Will the person affected by the disaster successfully pass through these stages? This largely depends on receiving social support, thanks to which a person regains the opportunity to return to normal life.

Many studies found that those who felt they could talk to other people were the best at dealing with traumatic experiences. Relatives will help or show participation in solving their problems.

At the same time, social support has three main ways of implementation:

  • firstly, it is emotional participation, expressed in sympathy, love, or empathy;
  • secondly, it is instrumental assistance in material form or in the form of rendering services;
  • third, providing information that relates to the stressful event.

Social support effectively reduces psychological distress and improves the functioning of the immune system

In individualistic and collectivist cultures, there is a difference in the provision of social support. People in advanced collectivist societies suffer less from the effects of stress than in individualist ones, because they are more likely to receive help. Therefore, in a crisis situation, individualists quite often "go their own way of suffering alone", and collectivists - "together with everyone."

We mobilize internal resources

In real life, first of all, it is necessary to use internal resources. We are talking about dispositional optimism, which provides an opportunity to more positively assess stressful events and mobilize their resources to have a direct impact on the stressor.

Optimists were found to have fewer negative changes in the immune system in response to stress than pessimists

An important feature is such a personal aspect as stress resistance, which is a combination of attitudes such as a sense of duty, a positive attitude towards difficulties and an internal (internal) locus of control. These qualities serve as a strong buffer against the negative effects of coping with stress and their consequences.

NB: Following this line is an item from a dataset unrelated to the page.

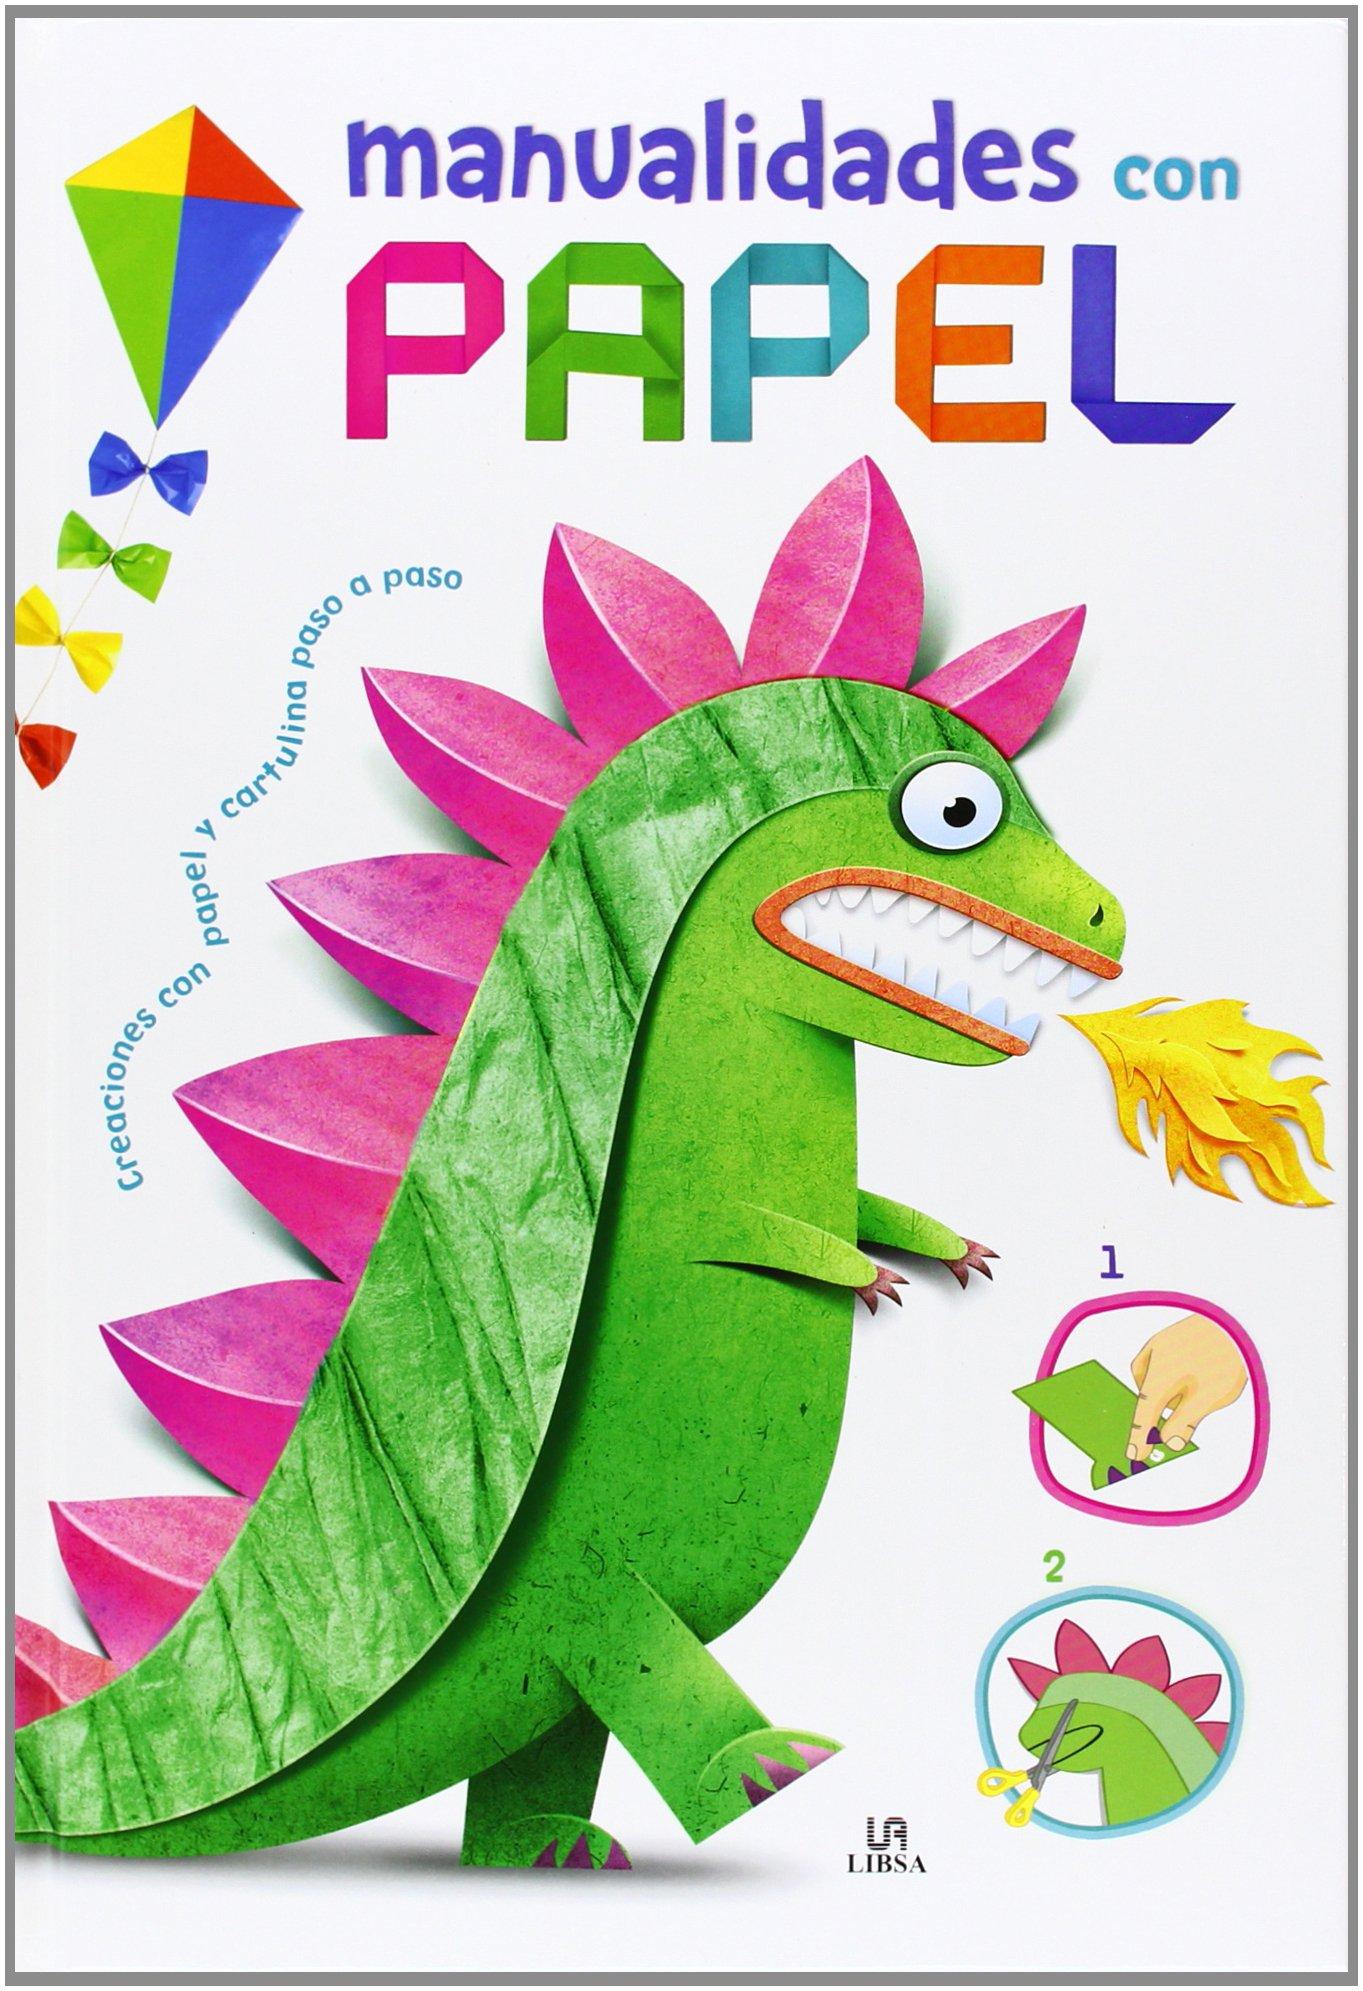 manualidades con papel manualidades para niños amazon es aa vv

So, viewers with an external locus of control (externalities), watching tragic events, often "drive" themselves into stress, provoke various psychosomatic illnesses. At the same time, TV viewers-interns have more endurance. They are able to overcome even those stressful events that, in principle, cannot be controlled. And disasters are just such situations

Also, people with increased neuroticism, being at the epicenter of a disaster or watching it from the outside, react much more strongly to its circumstances than people with a low level of anxiety.

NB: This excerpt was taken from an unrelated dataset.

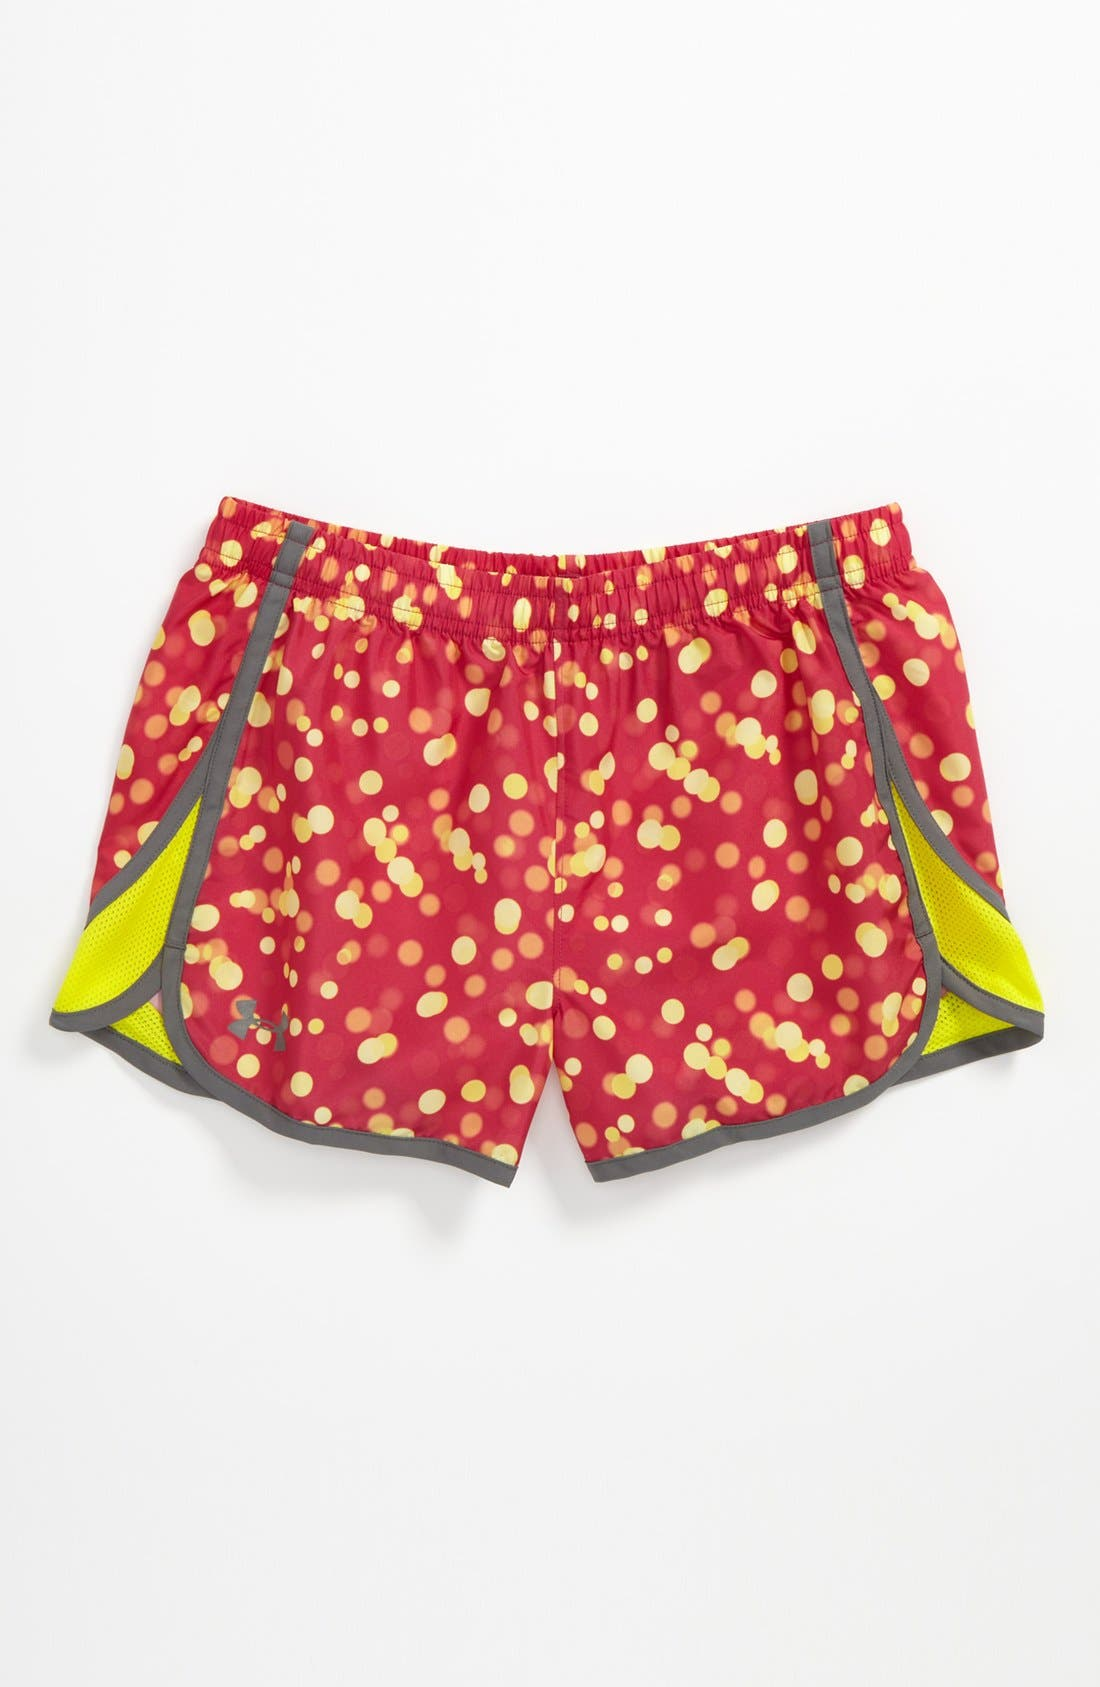 Alternate Image 1 Selected - Under Armour 'Escape' HeatGear® Print Shorts (Big Girls)

This is especially important to consider in a situation where eyewitnesses become a valuable source of information in conditions of uncertainty and heightened emotional arousal.

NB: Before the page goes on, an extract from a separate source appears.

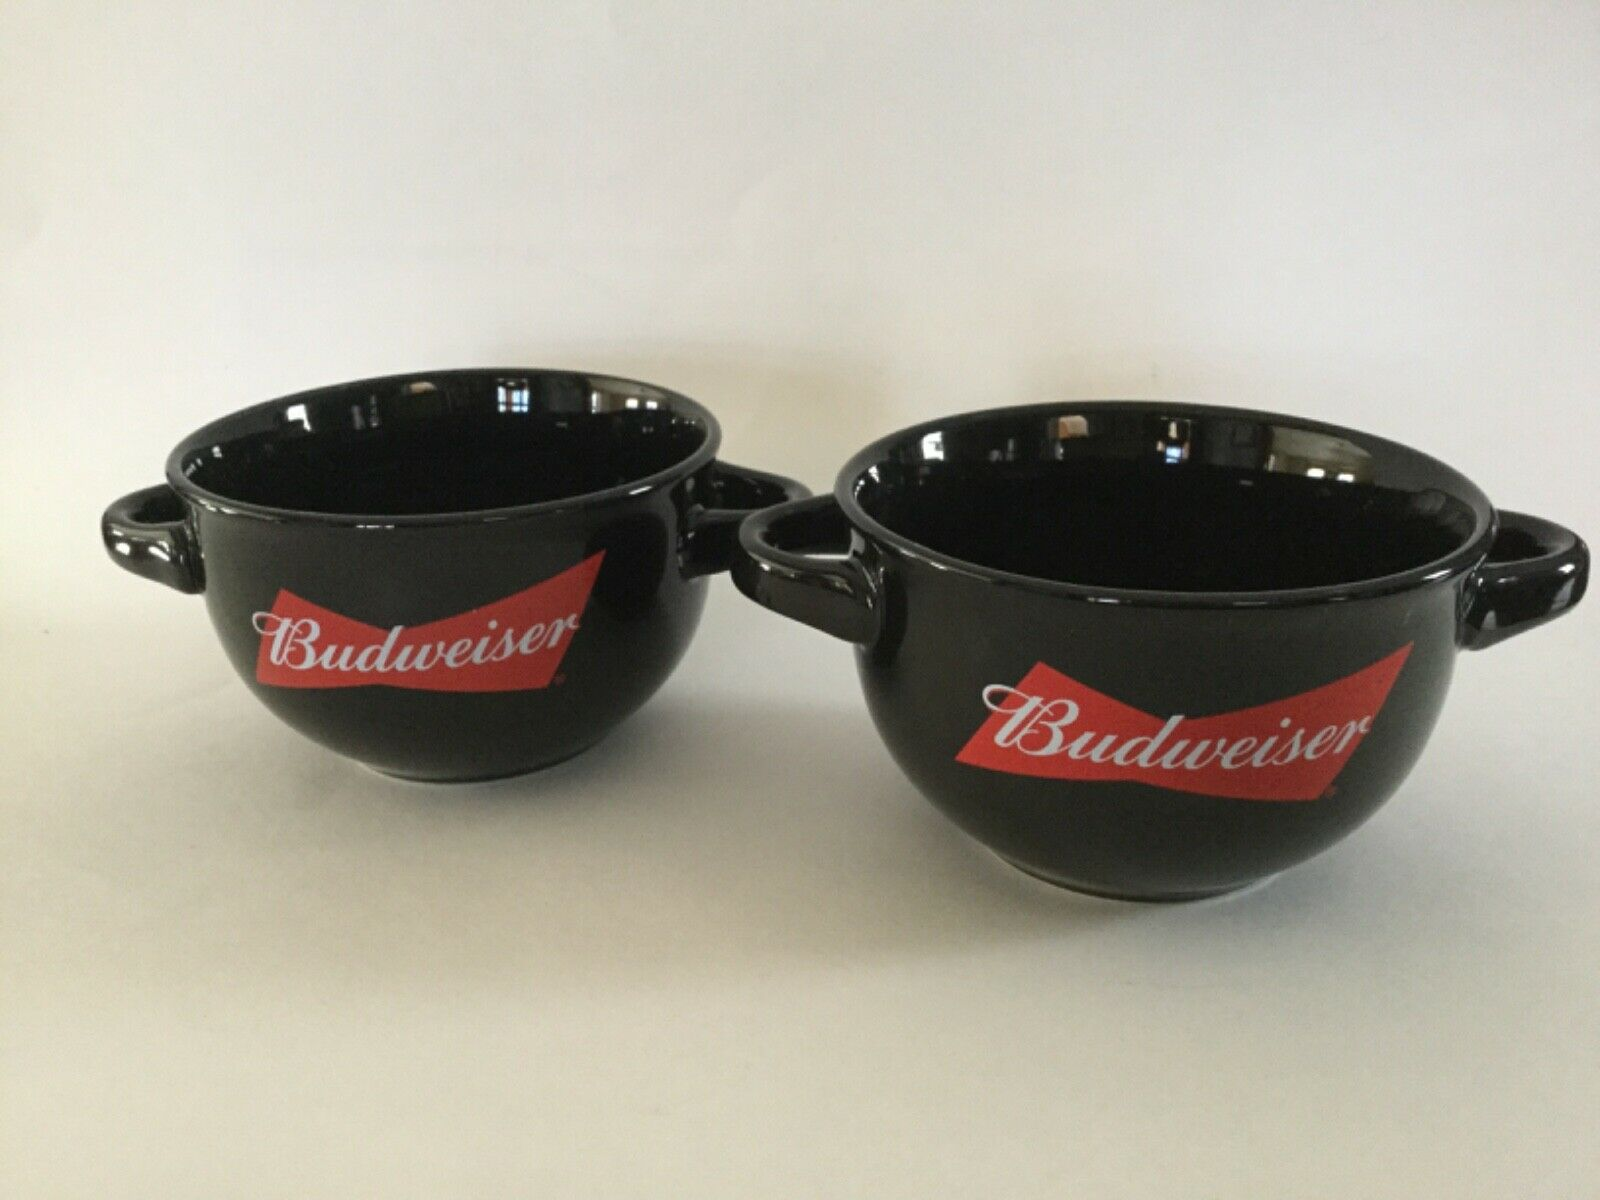 Budweiser Chili Bowl Dip set of 2 Soup

Why is it so difficult to help in extreme situations?

The fact is that the victim's picture of the world changes dramatically, he begins to divide his life into two parts - before and after. There is a feeling that those around him cannot understand his feelings and experiences, and the mental trauma takes the form of an all-consuming cloud. Therefore, it is so important to create conditions under which the victim can openly express feelings associated with the experienced or experienced event.